I believe vmware is aware of an issue within the vsan software and are working to find a resolution. Unfortunately we paid the price in data loss. I am still working with VMware today and will let you know how the vsanDatastore removal goes as we are going to try and attempt this again. Vmware has had a great track record, from my perspective and being a vmware user/sysadmin/enthusiast for 10 years I feel this is one product that should have been tested further before being released to GA. I will keep the thread updated as much as possible, but we are in crisis/dr mode here so don't be surprised if it is a few days before I update.
I am the architect for VSAN and something doesn't add up in what you state here (or what the engineer you were working with explained back). I am trying to find out the SR number so I can find out what exactly happened and make sure it gets addressed correctly. The behavior you describe would certainly be incorrect, but believe me the scenario you describe is a) tested and b) not fundamentally broken with the v2 disk format. I will get to the bottom of this. I am also available for a call. Please drop my name on the case while I try to find out the case number from my end as well.
How do I forward my case to you without putting my SR# in the forums or can you pm me your number to call? I would love to have another engineer involved, also Katrena Chase is the manager I have been in contact with, perhaps contacting her would get you my contact info. I know from a forum perspective sometimes its hard to wrap your head around something that doesn't seem logical, especially since the product was not designed to behave in such a manner.

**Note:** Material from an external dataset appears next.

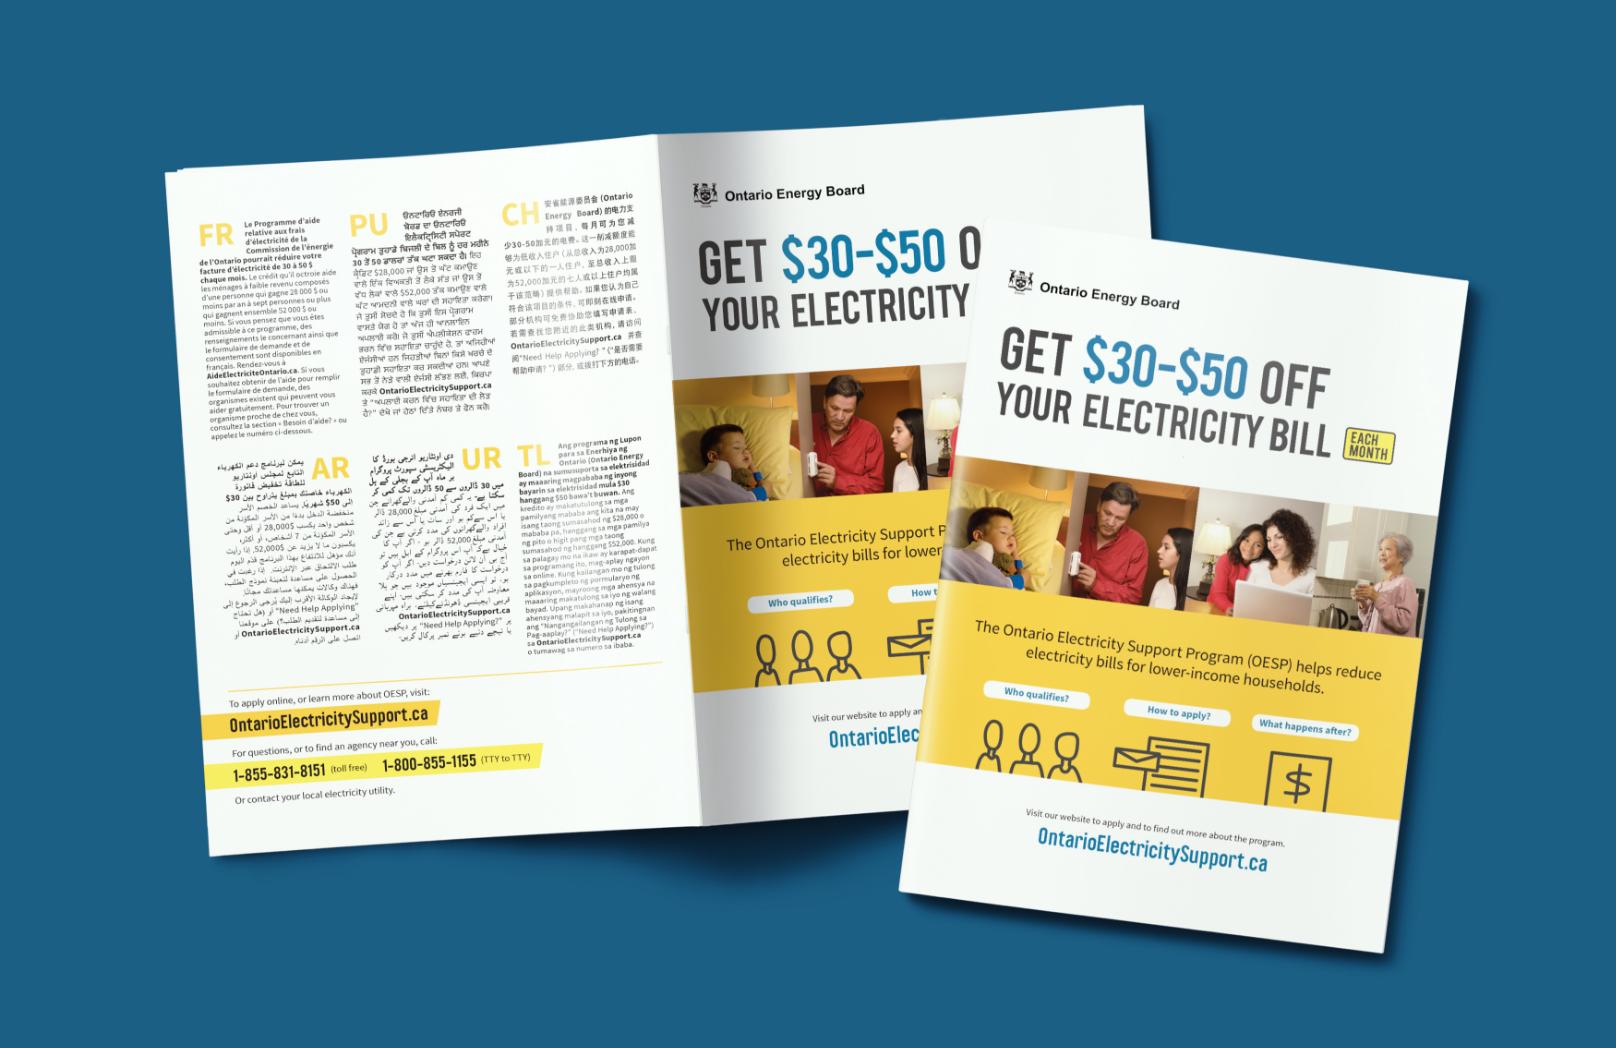 OEB-photo-boy-cropOntario Electricity Board - OESP program - Brochure Design

Also, don't get me wrong here I am not trying to "bash" VMware and I do believe that this product has great potential, (yes even after we experienced data loss) I am simply making my experience known.
I see that in my inbox, but when I click on it I get:
Little something for anybody else...
I also experienced similar findings when deleting VMs/vApps from vCloud Director 5.5.4 that reside on a VSAN 6.0 cluster/datastore - there were files that appeared to remain on the VSAN datastore browser, that could not be deleted.
Issue was resolved by consolidating the Library Copy/vApp Template in vCloud.
The template was originally copied over from another NFS datastore. The shadow VMs were removed from the source datastore, but the destination needs to be consolidated.